**Exercise description**
Starting at the line that contains "Yellow Chrysanthemum Flowers", output each line exactly as written through the end of the listing below, but leave out the pictures.

**Exercise data**
----------------
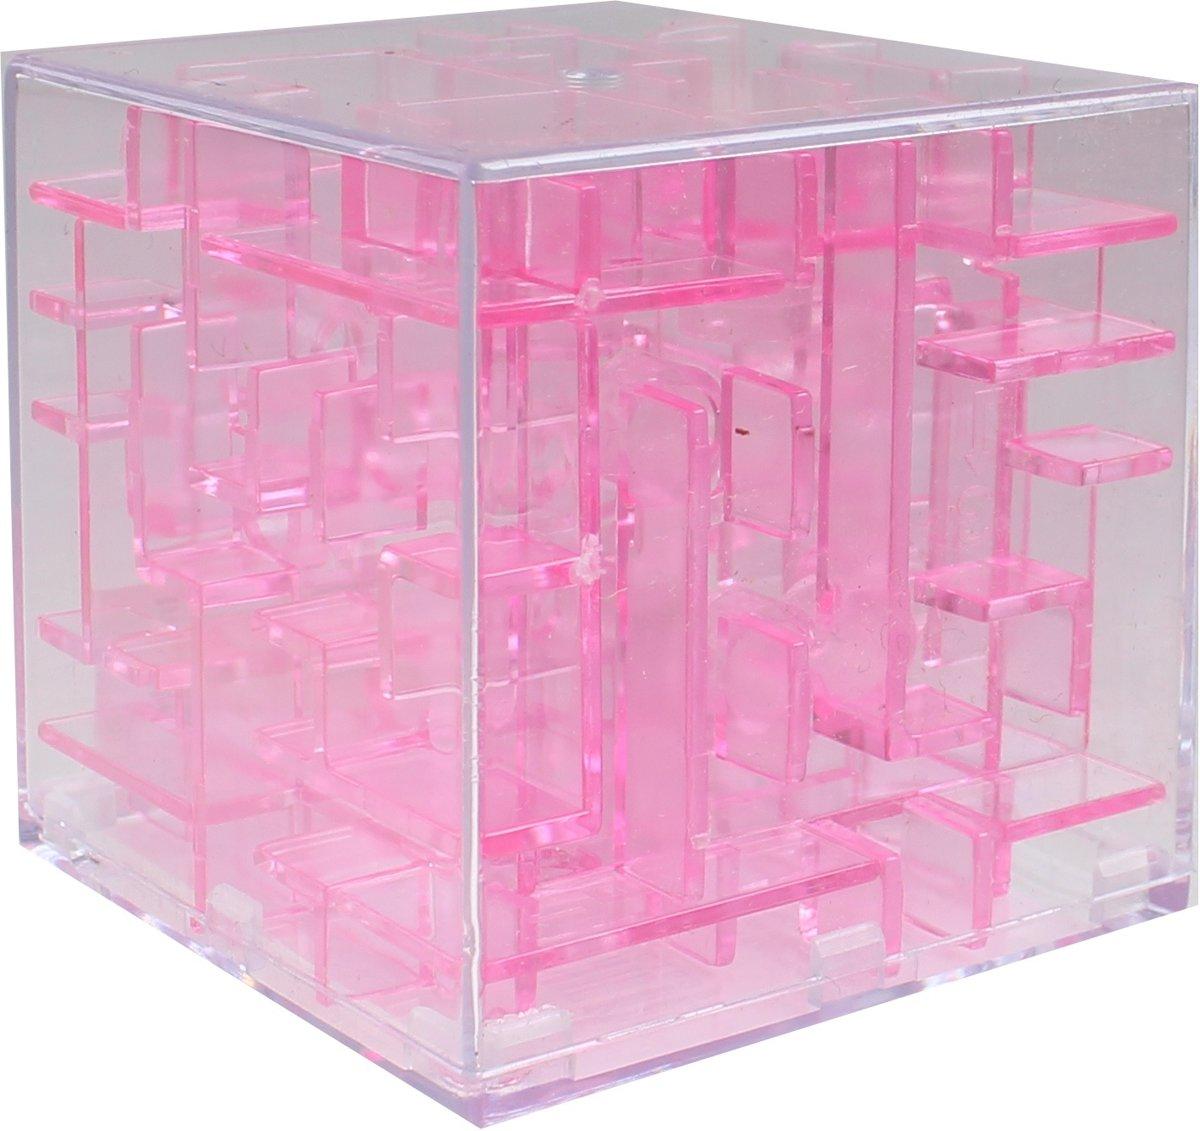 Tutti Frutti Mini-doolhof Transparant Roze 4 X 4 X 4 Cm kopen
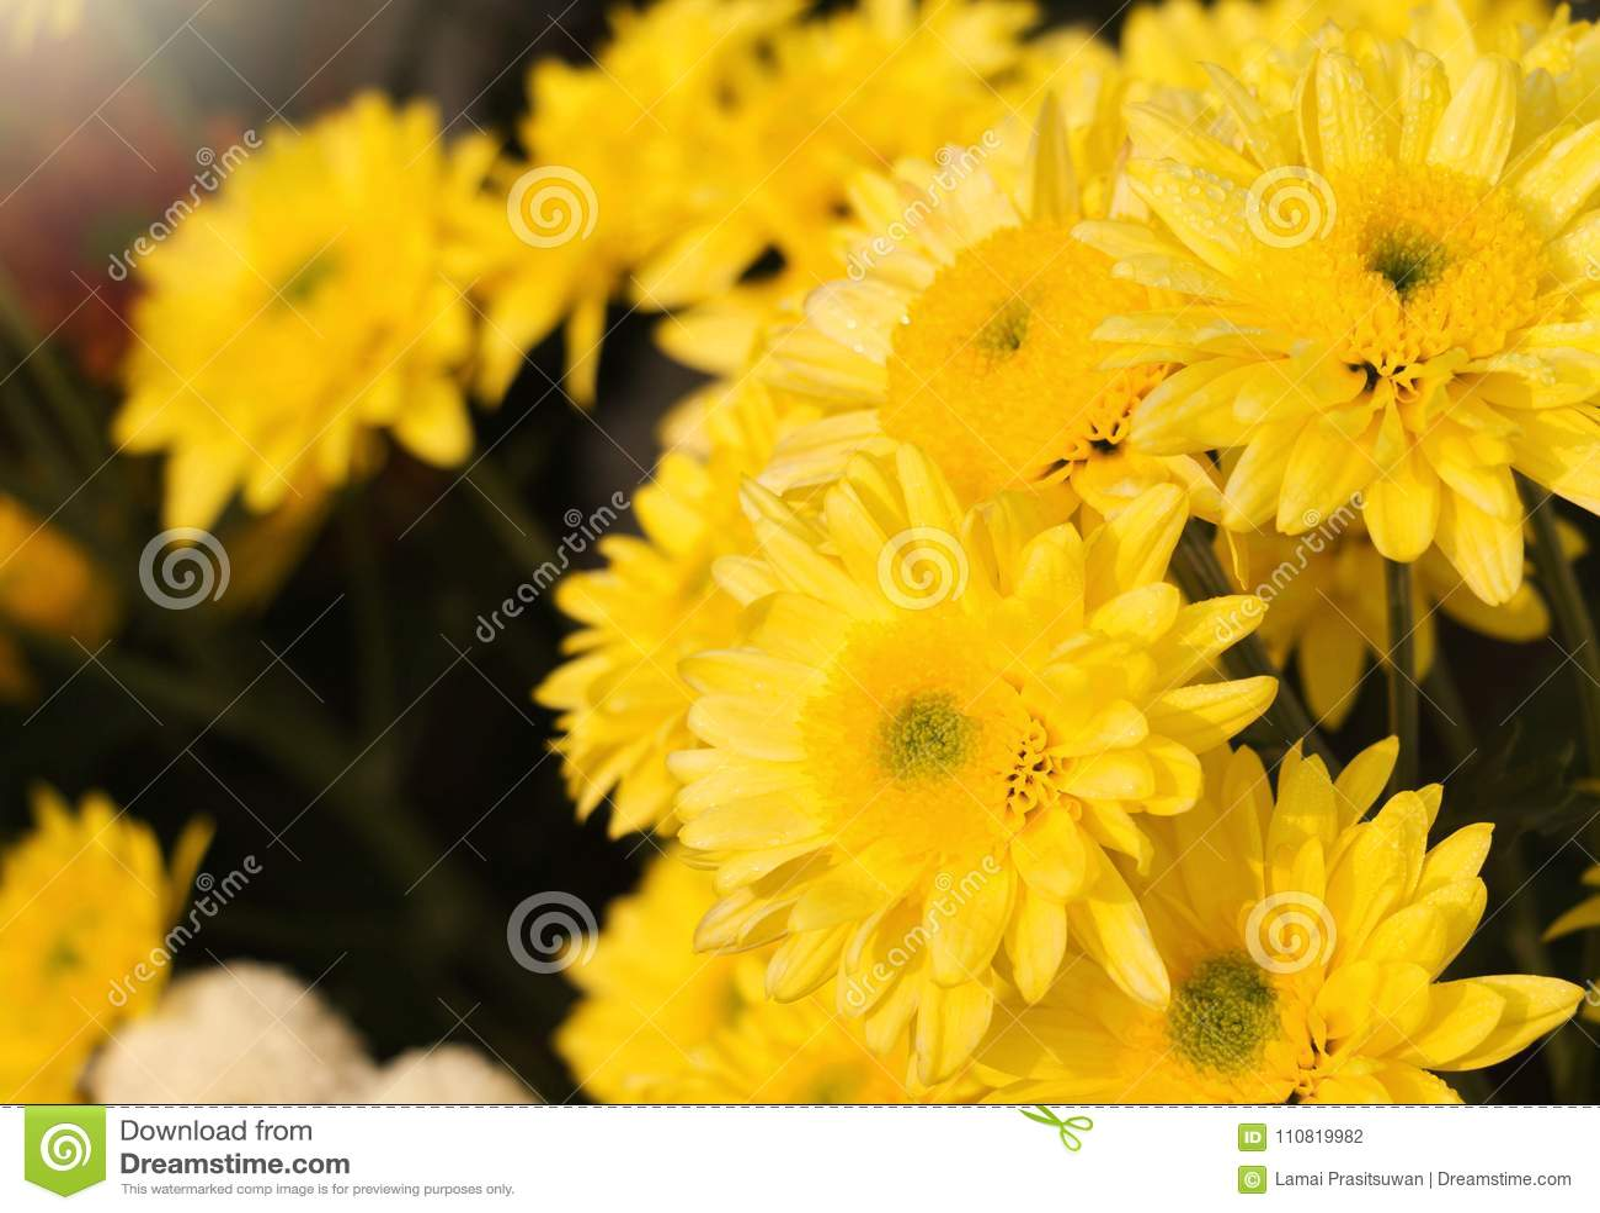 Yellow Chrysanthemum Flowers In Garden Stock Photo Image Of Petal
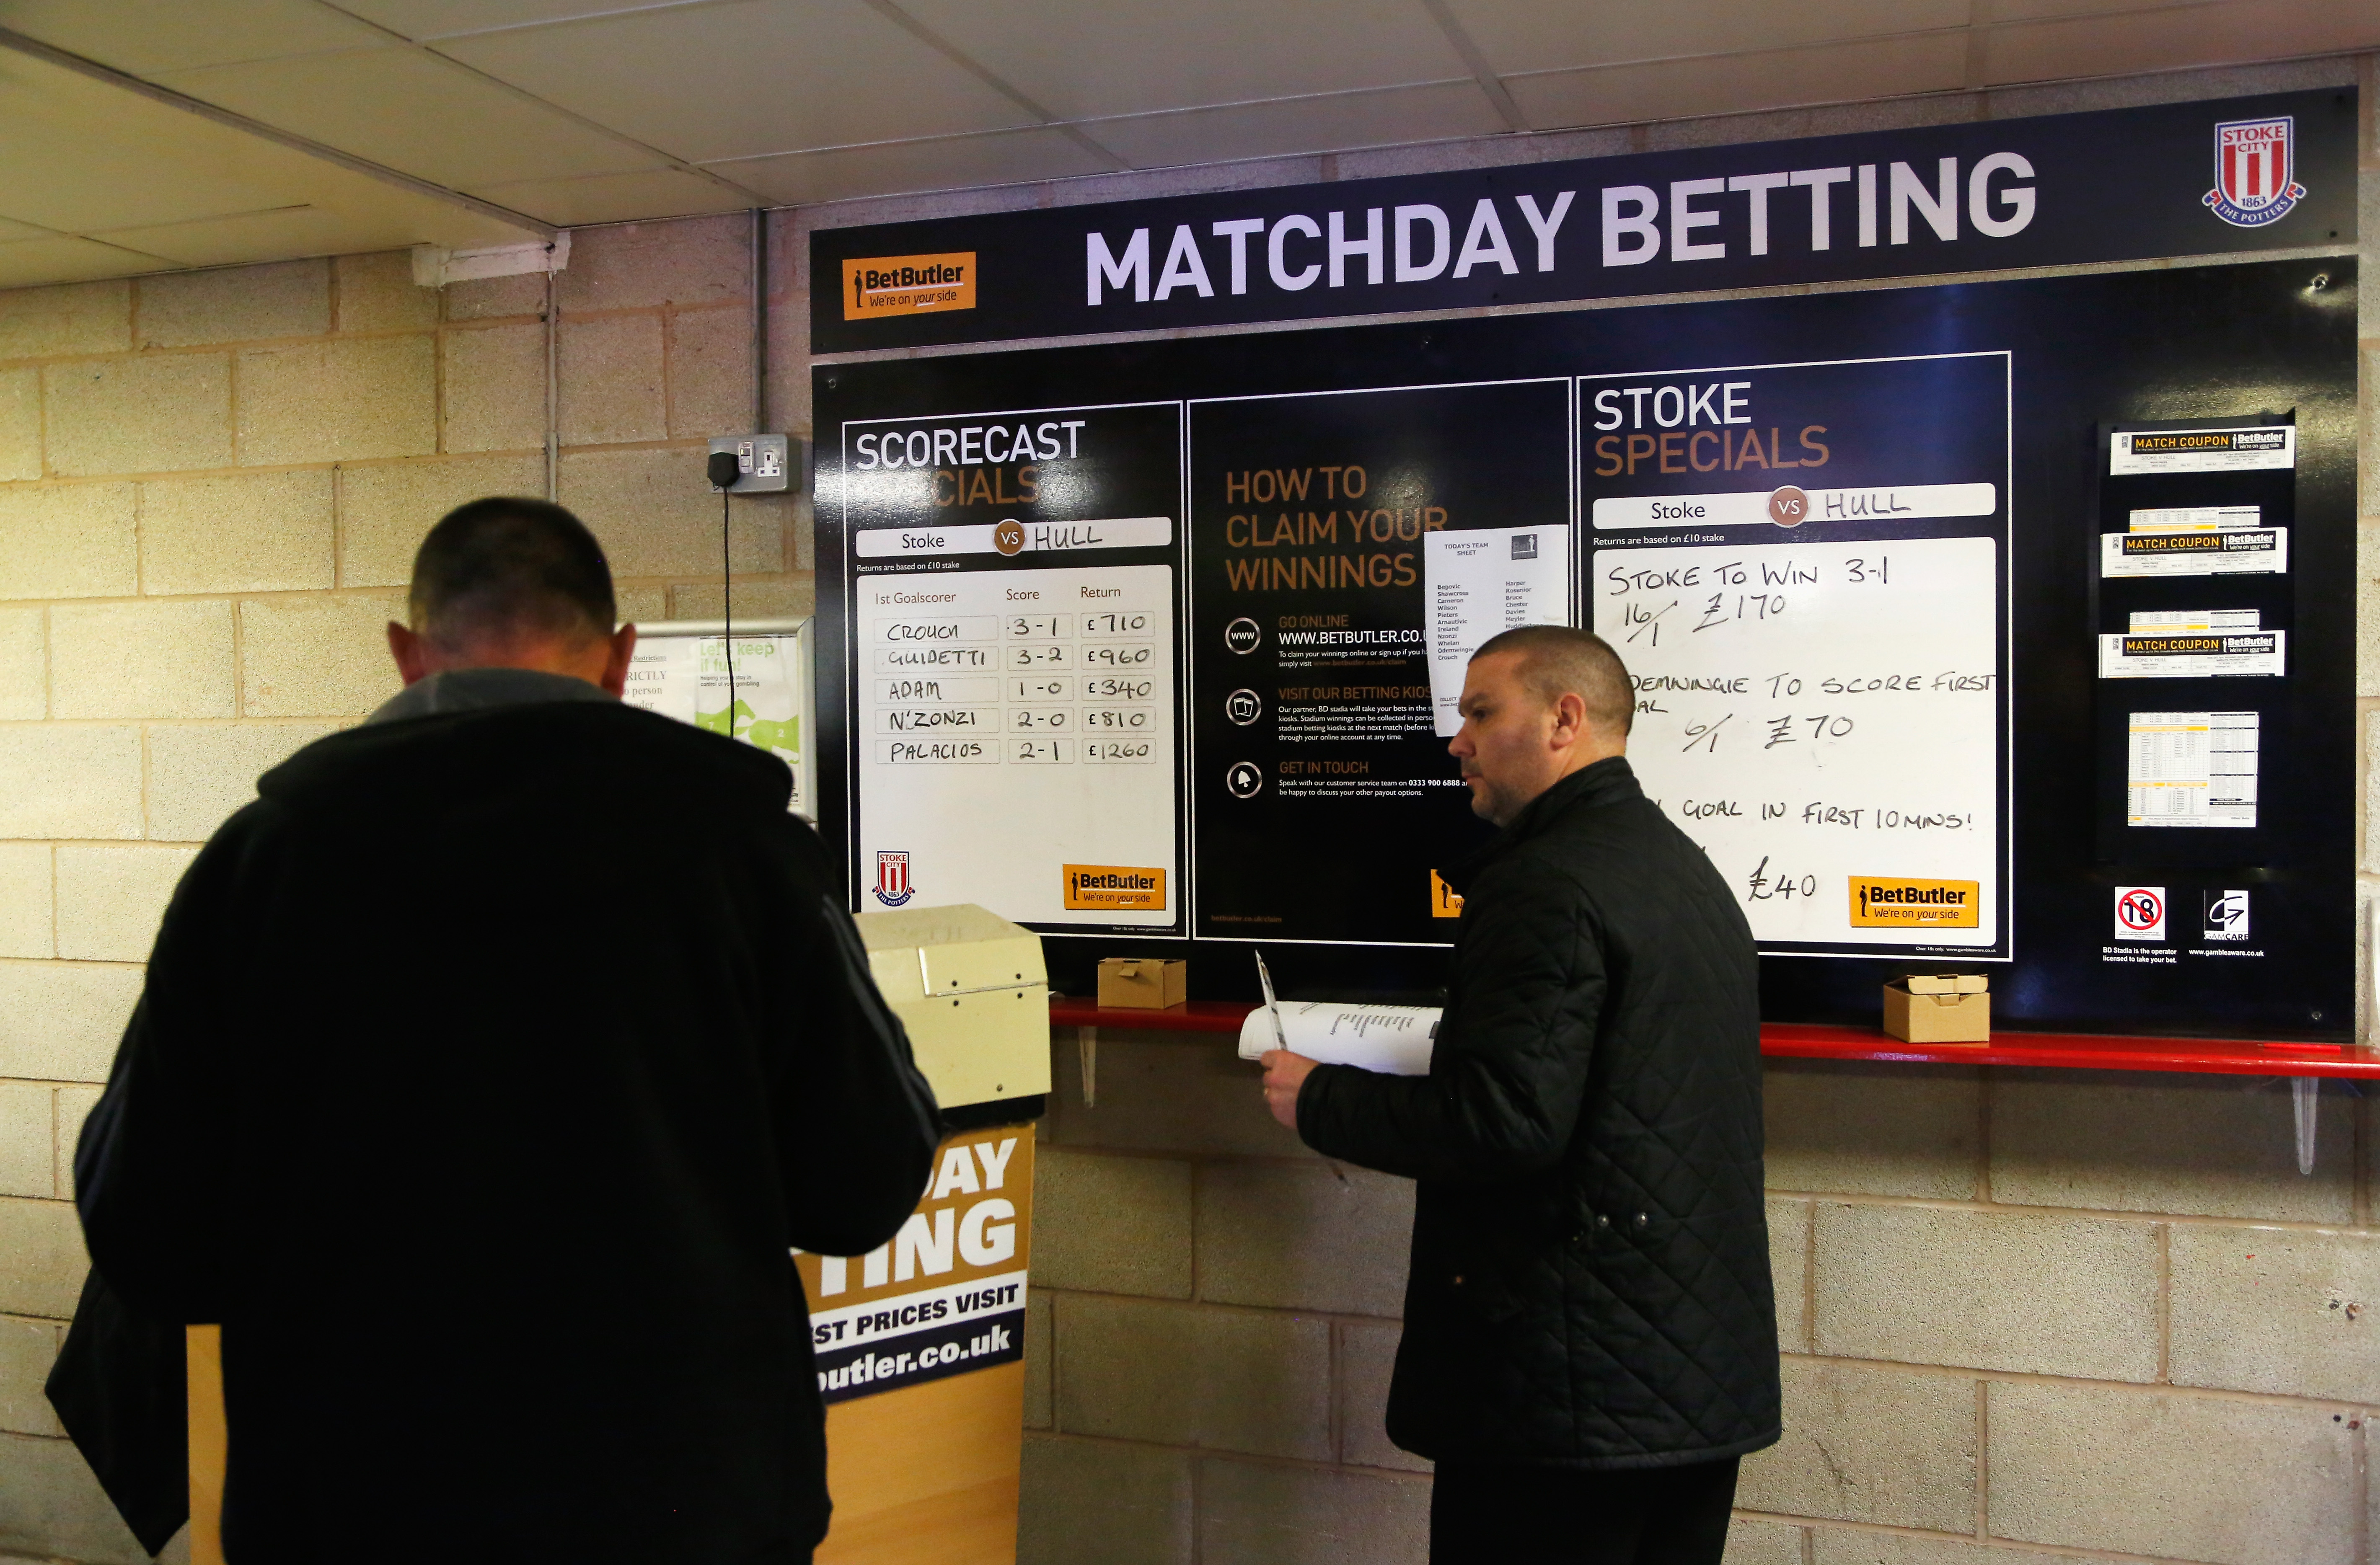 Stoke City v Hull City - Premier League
----------------
**Response box**
 Yellow Chrysanthemum Flowers In Garden Stock Photo Image Of Petal
 Stoke City v Hull City - Premier League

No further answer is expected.